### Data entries
/---
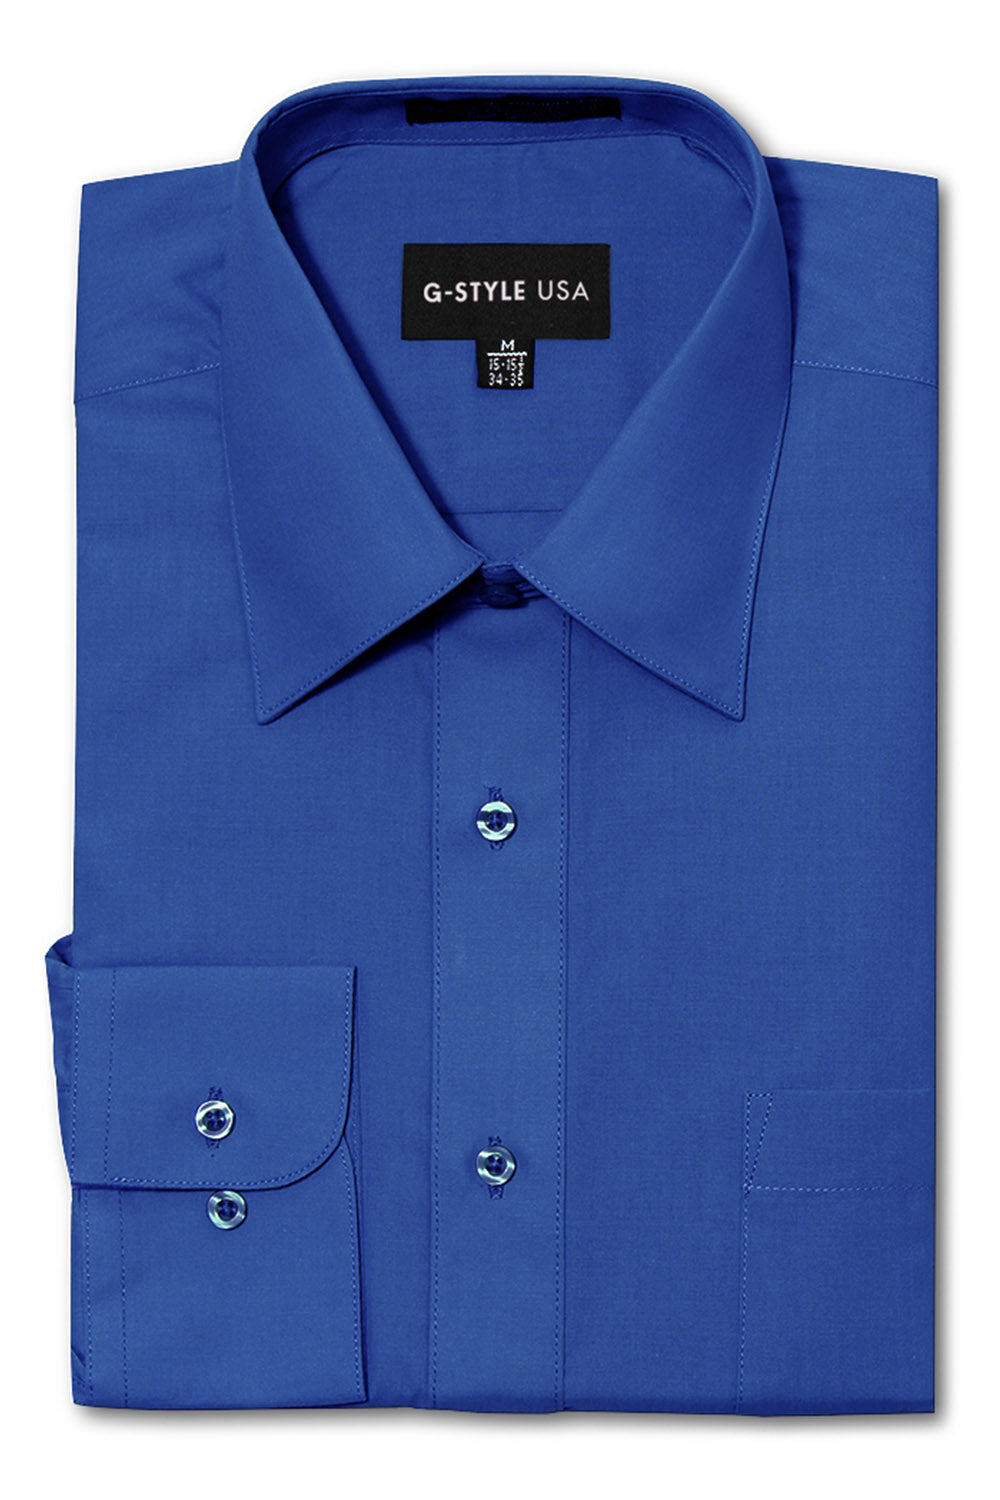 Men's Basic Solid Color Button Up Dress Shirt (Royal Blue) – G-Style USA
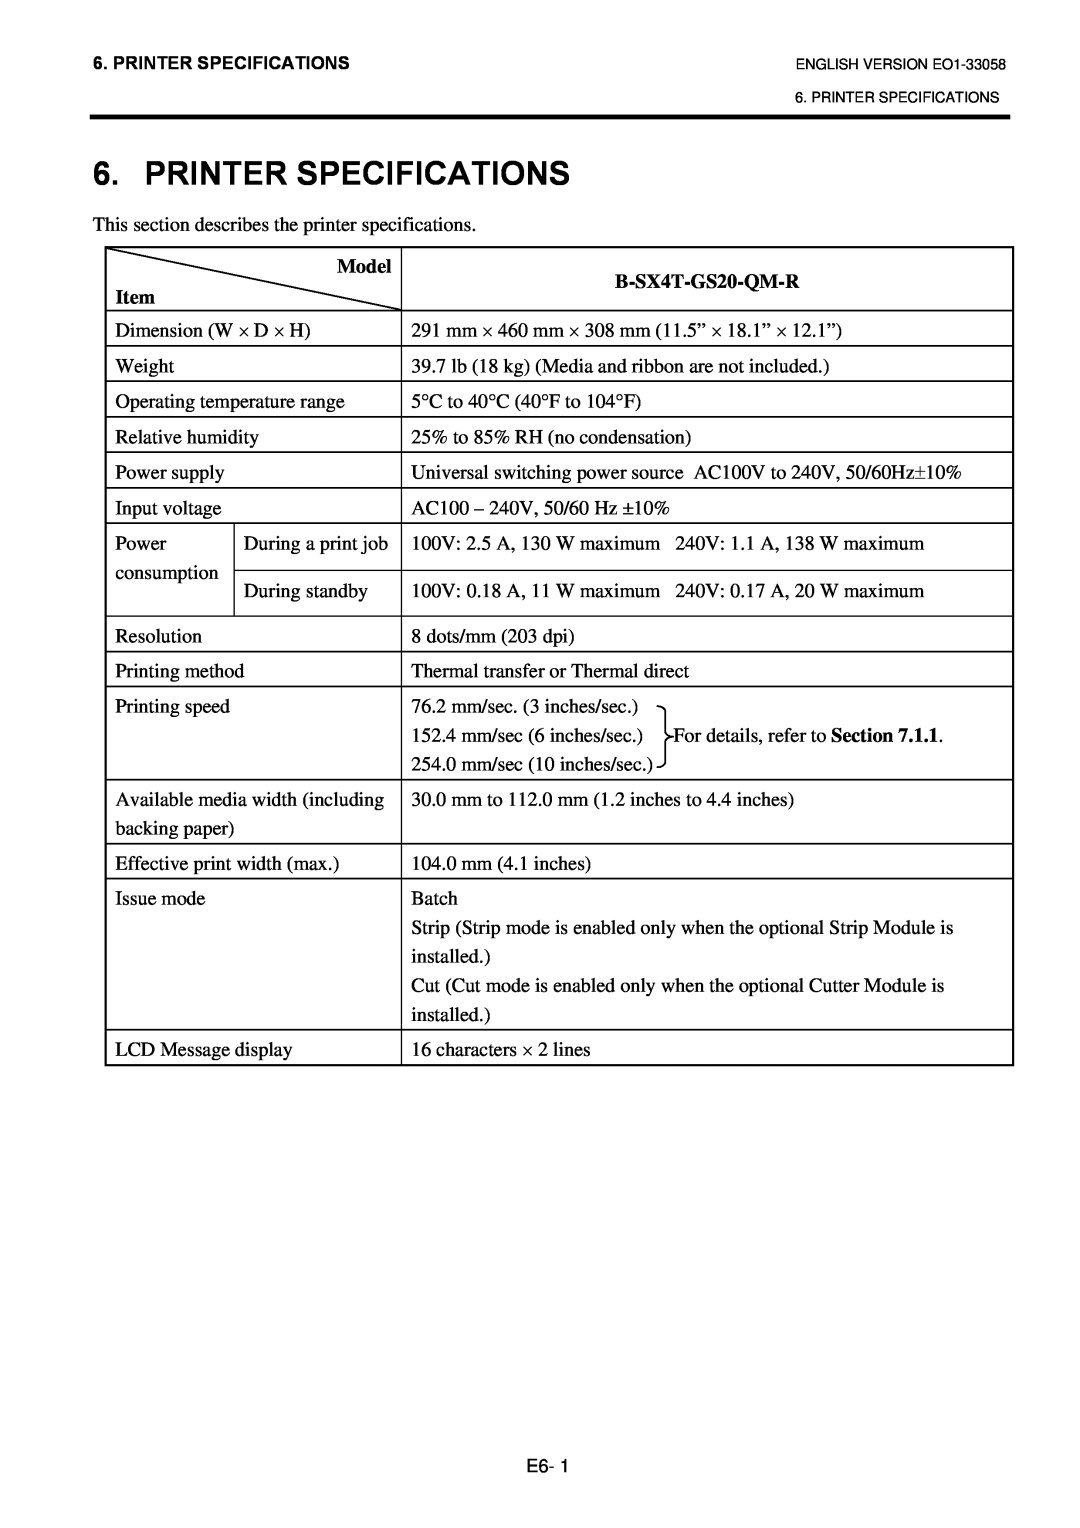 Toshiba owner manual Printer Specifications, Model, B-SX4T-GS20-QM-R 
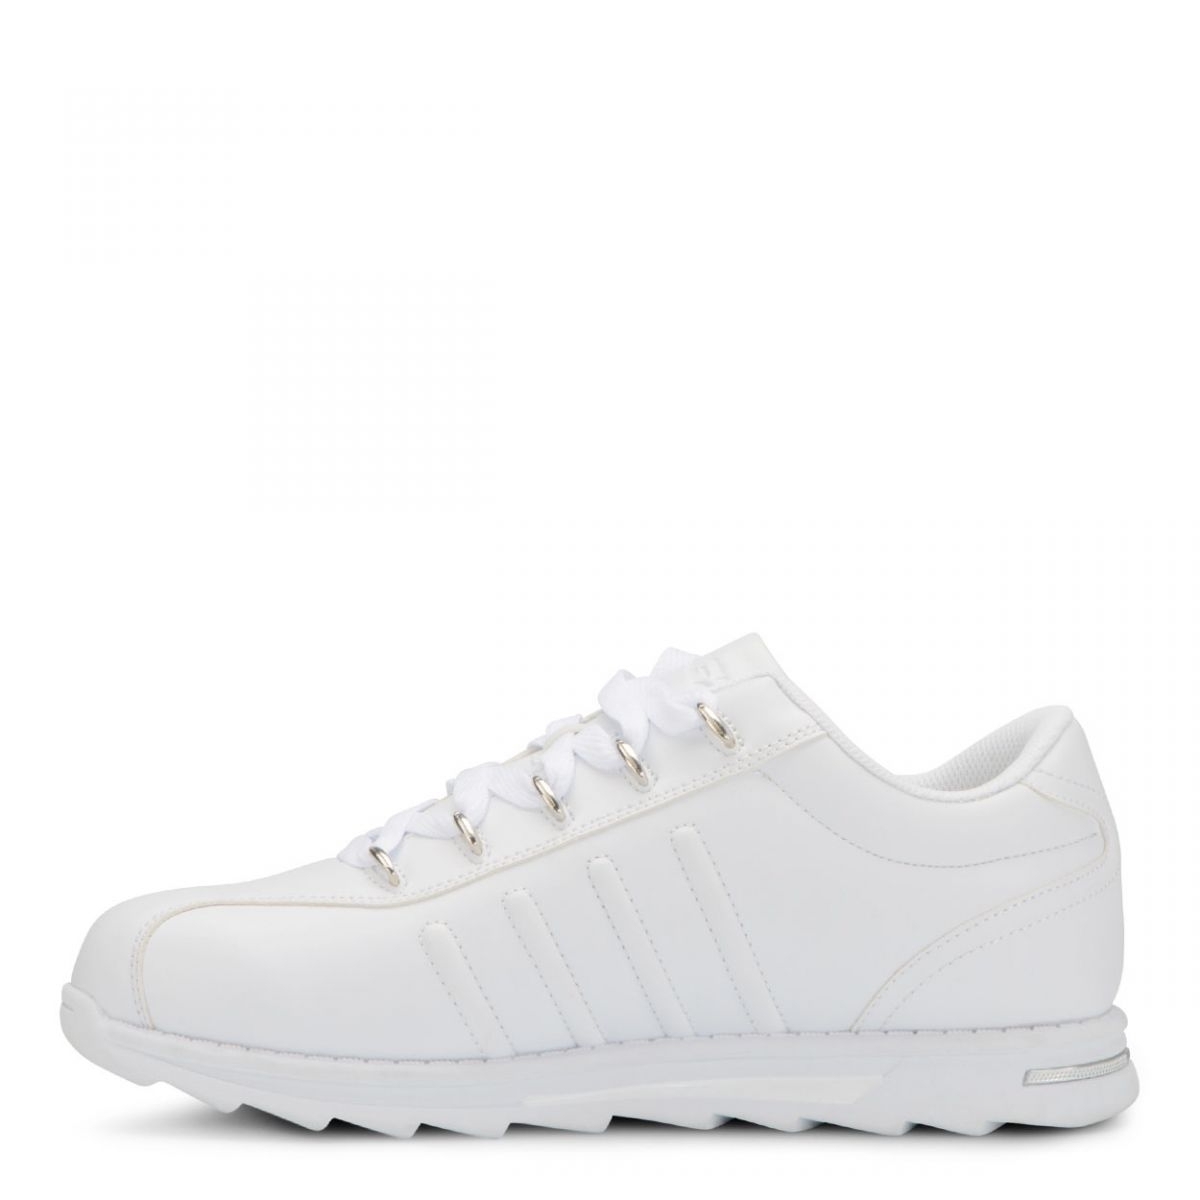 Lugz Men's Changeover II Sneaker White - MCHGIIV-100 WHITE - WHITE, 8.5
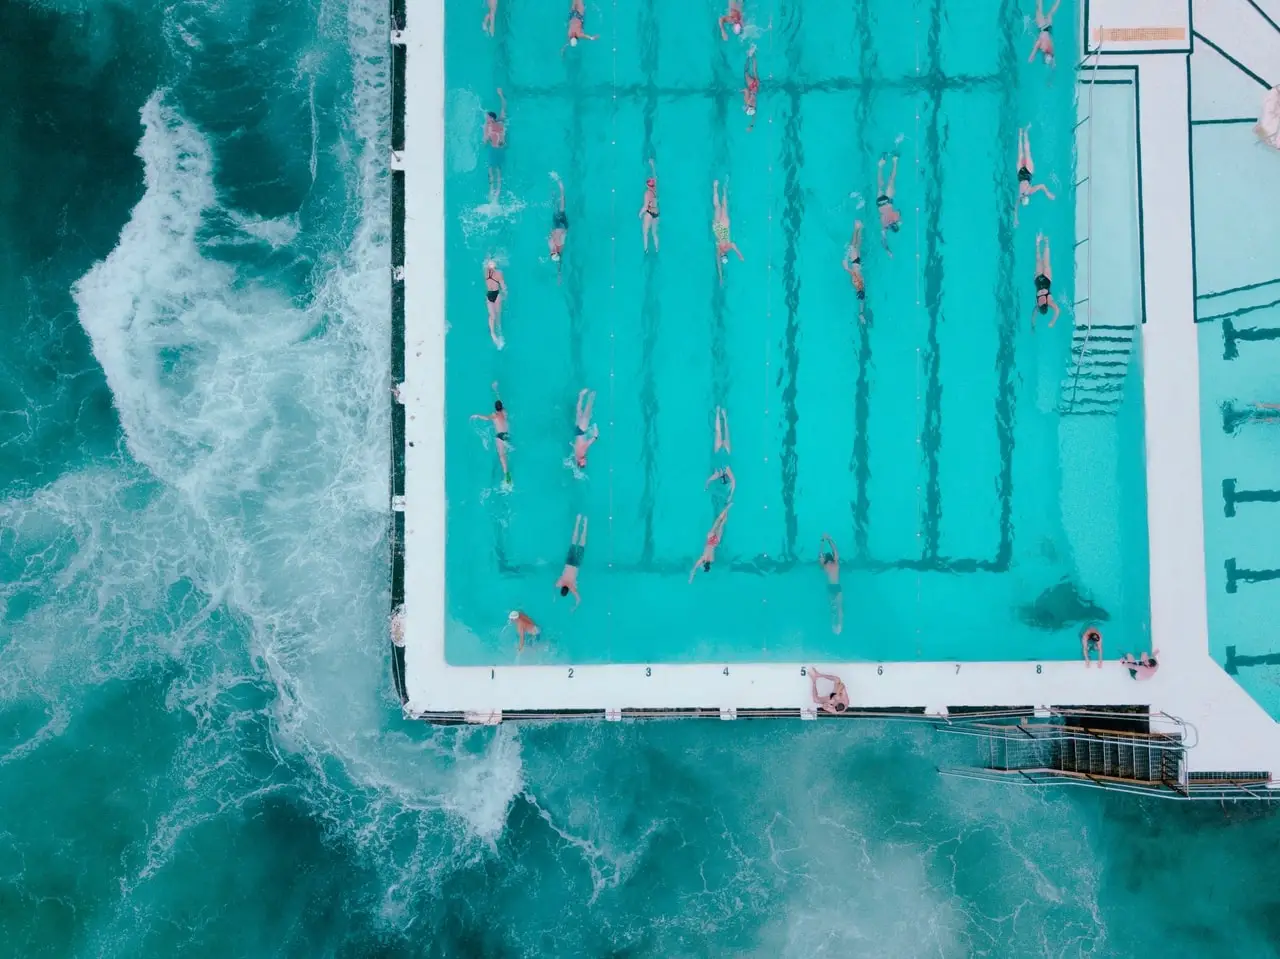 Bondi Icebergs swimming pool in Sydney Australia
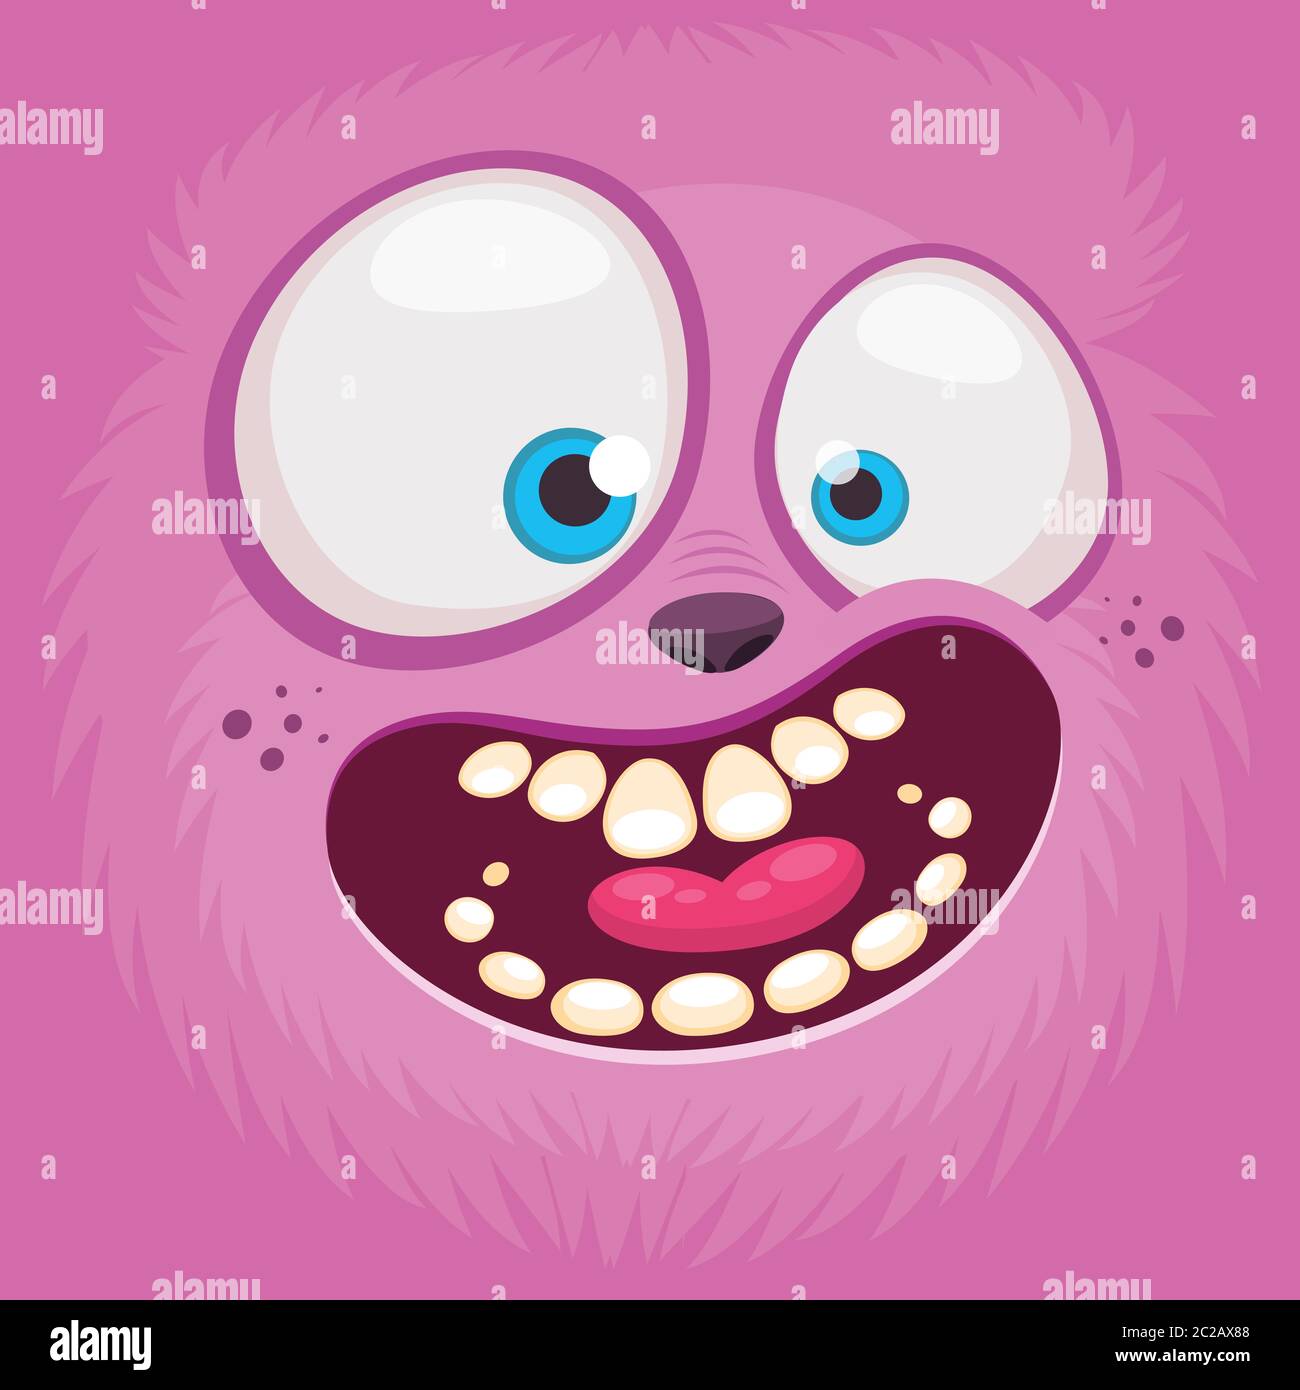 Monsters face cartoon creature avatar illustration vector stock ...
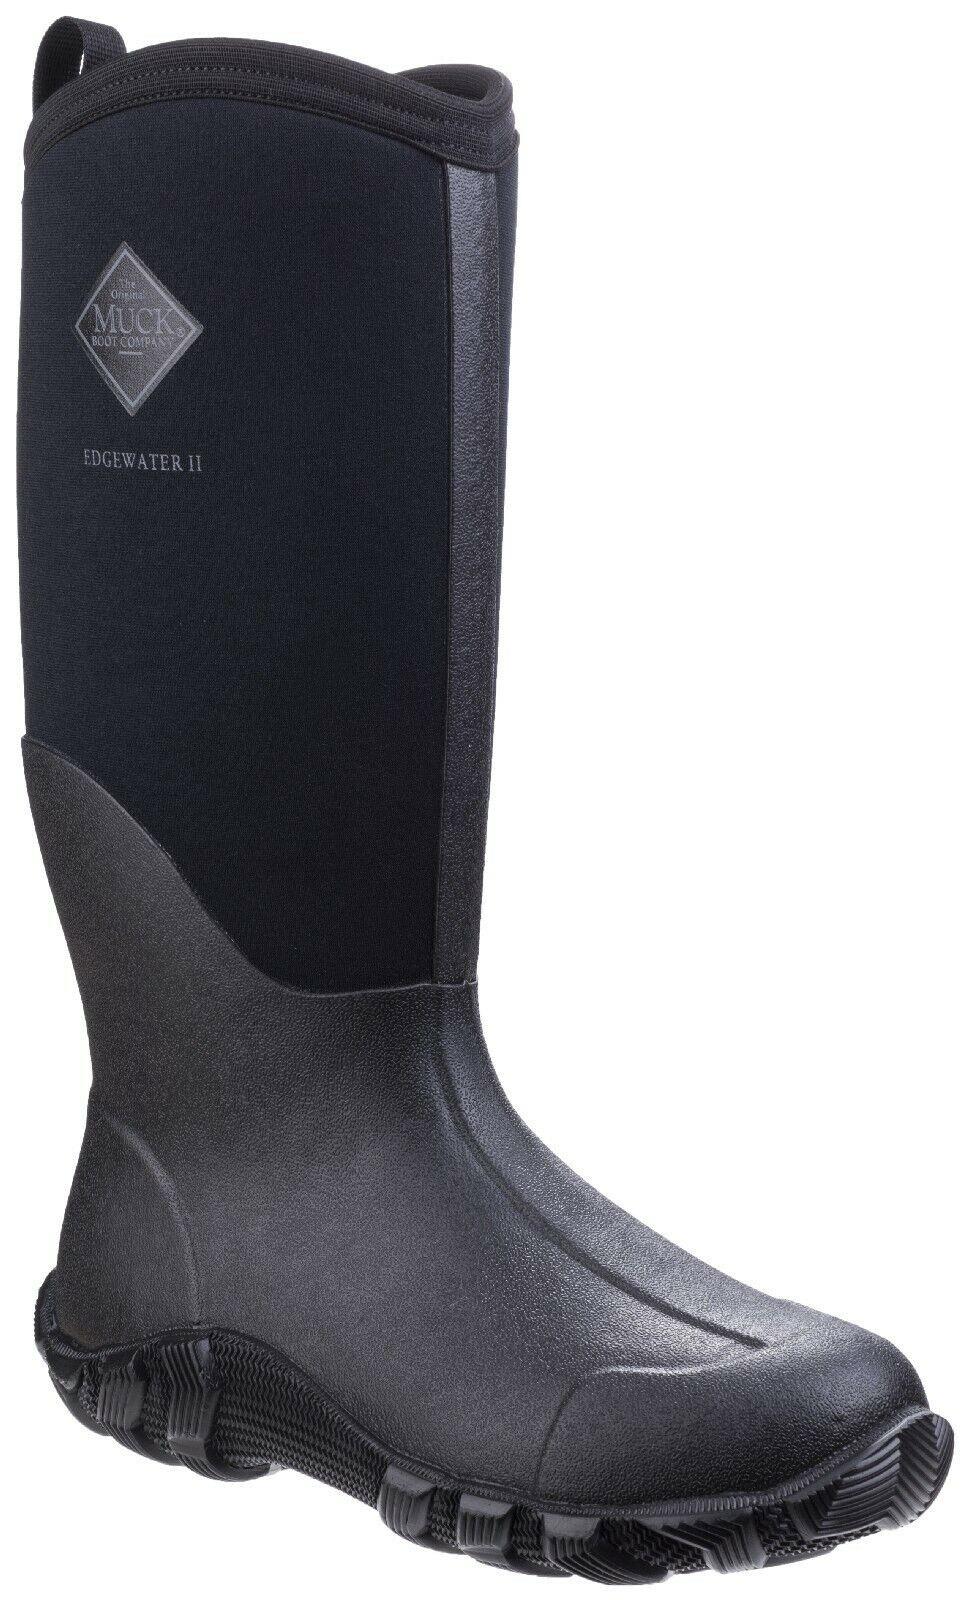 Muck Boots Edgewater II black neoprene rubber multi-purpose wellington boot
\---
### Exercise
Output only the lines running from the line with "Lugz Men's Changeover" through the last line of the entries above, inclusive, with pictures excluded.

### Task result
 Lugz Men's Changeover II Sneaker White - MCHGIIV-100 WHITE - WHITE, 8.5
 Bondi Icebergs swimming pool in Sydney Australia
 Monsters face cartoon creature avatar illustration vector stock ...
 Muck Boots Edgewater II black neoprene rubber multi-purpose wellington boot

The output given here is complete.